Construction of a dual carriageway further down the valley, a typical village lies behind the construction. As we went downstream the houses changed from mud brick, to fired brick, to tile faced.

At the moment Qinghai is very popular in the summer, since temperatures at altitude rarely get above 70 with a good many sunny days. (As in many parts of the world they are also seeing record harvests). We were told that all hotels fill with domestic tourists in that time, and even last week we were thought very lucky to have been able to acquire train tickets.

The installation of the dual carriageway suggests that the Chinese Government anticipates that individual vehicles will become much more popular, and so roads must be provided to take the public, by car, where they want to go. In those circumstances, where the specific areas get quite remote quite quickly, it is easier to provide a road, than a rail line.

Providing fuel for those vehicles is going to require a significant volume of imports. Sales of cars in China have surged this year
auto sales have surged after the government offered subsidies to drivers in rural areas and cut retail taxes as part of a wider 4 trillion yuan ($585 billion) economic stimulus plan. The demand jump has caused GM to double its 2009 industrywide growth forecast. Combined with a 37 percent slump in U.S. auto sales because of the recession, the surge has made China the world’s largest auto market so far this year.

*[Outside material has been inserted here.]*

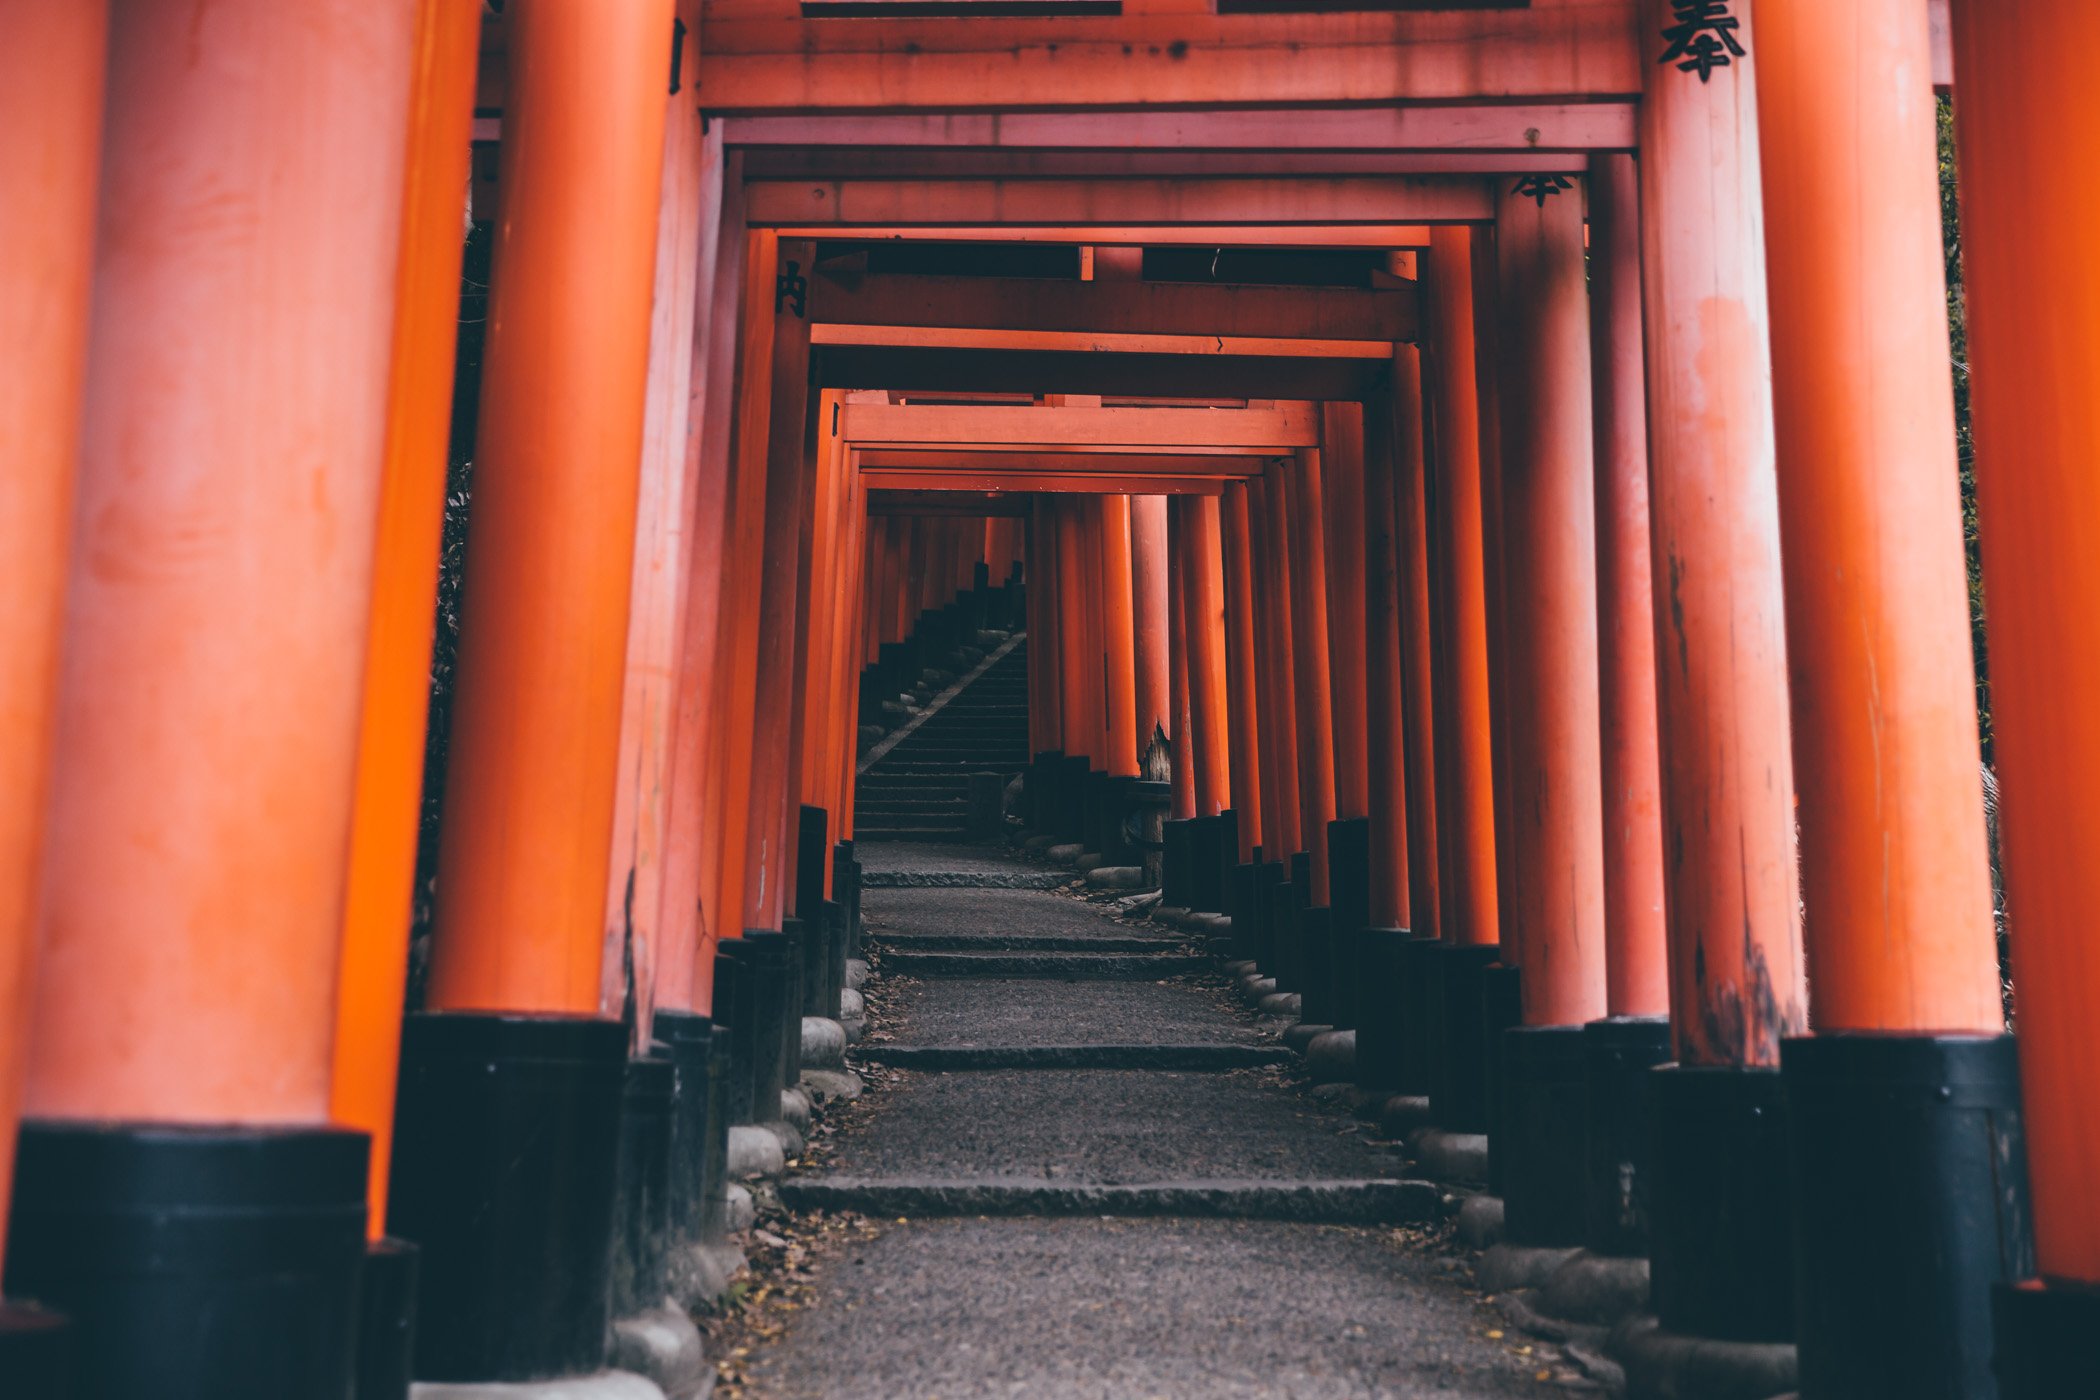 Kyoto Fushimi Inari-Taisha
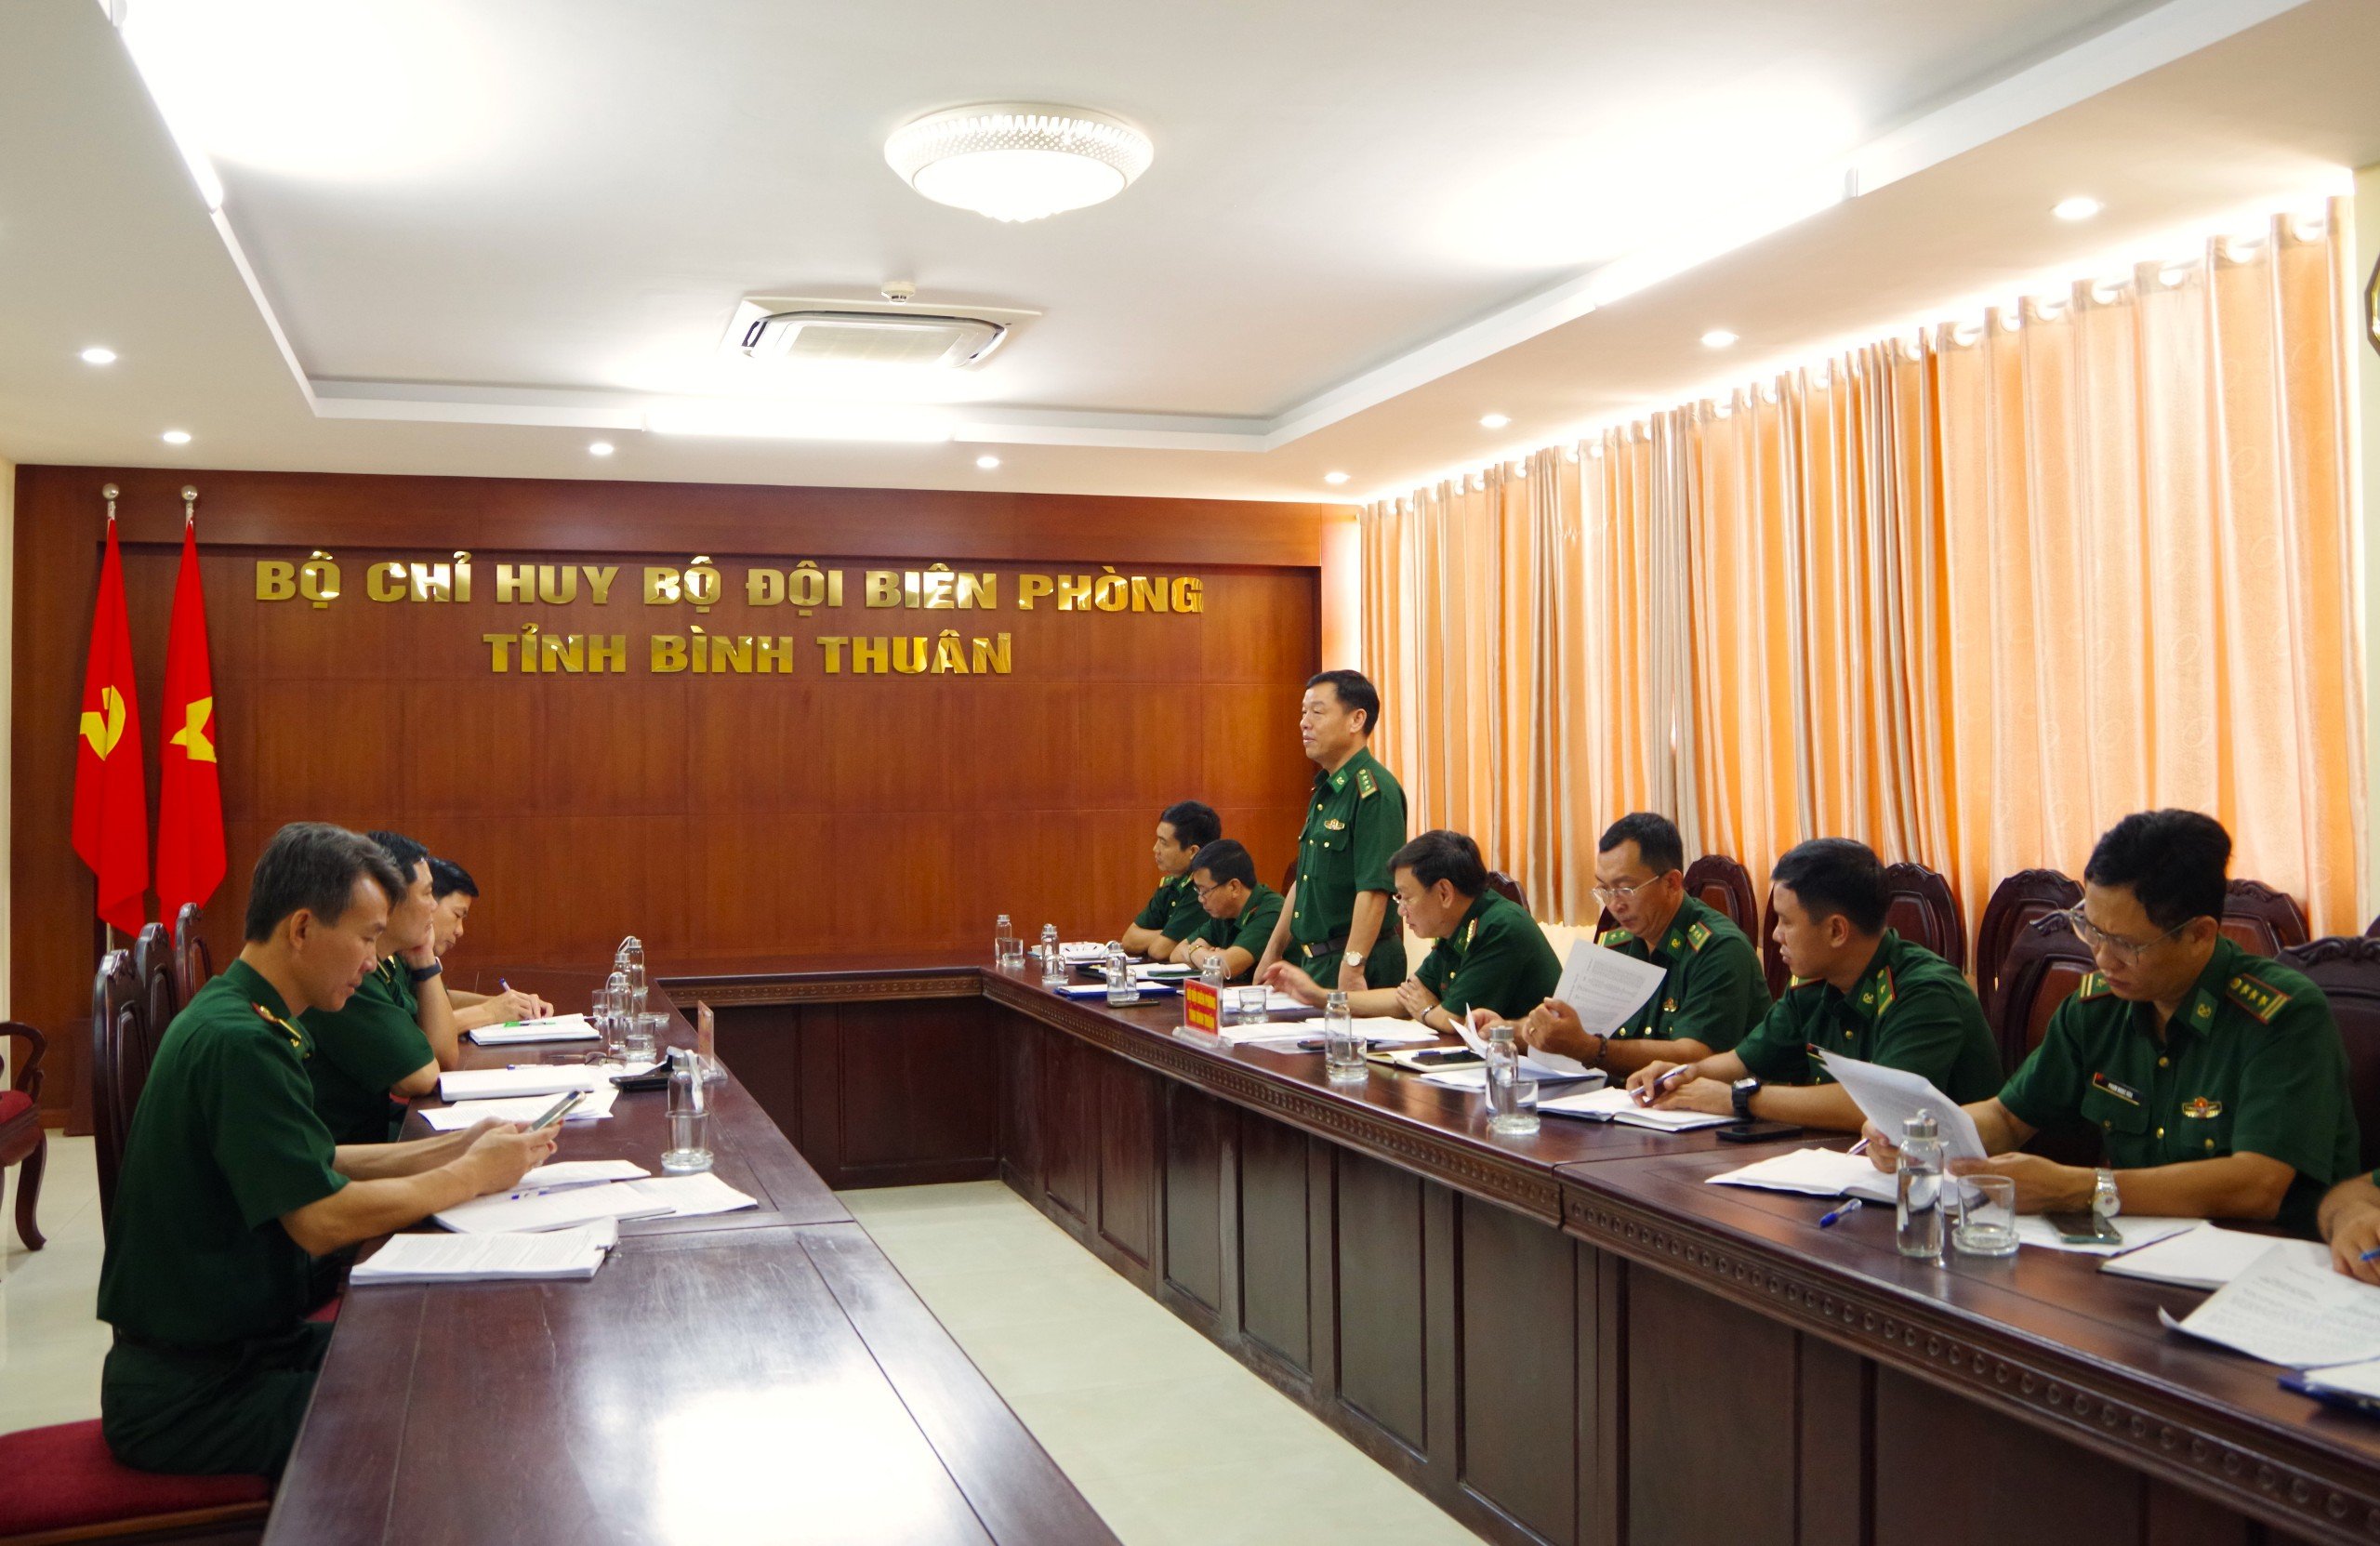 Bộ Chỉ huy Bộ đội Biên phòng tỉnh Bình Thuận và Bà Rịa - Vũng Tàu có buổi làm việc về xử lý các tàu cá bị mất kết nối giám sát hành trình trên 10 ngày.

“Customers have to book in advance because there’s not enough stock of the bestselling cars,” said Guo Yong, information manager at Beijing Asia Games Village Automobile Exchange, which houses dealerships accounting for about 10 percent of Chinese car sales. “Fourth-quarter sales weren’t that good last year and most carmakers curbed production as they were pessimistic about sales this year.”
The Chinese Government would not be making these investments if they did not see the roads being used, and that is going to require a lot of fuel, which will be their next problem. (And this is not considering the arrival of foreign tourists, for which the country is already well prepared, even though, at present, numbers are down.)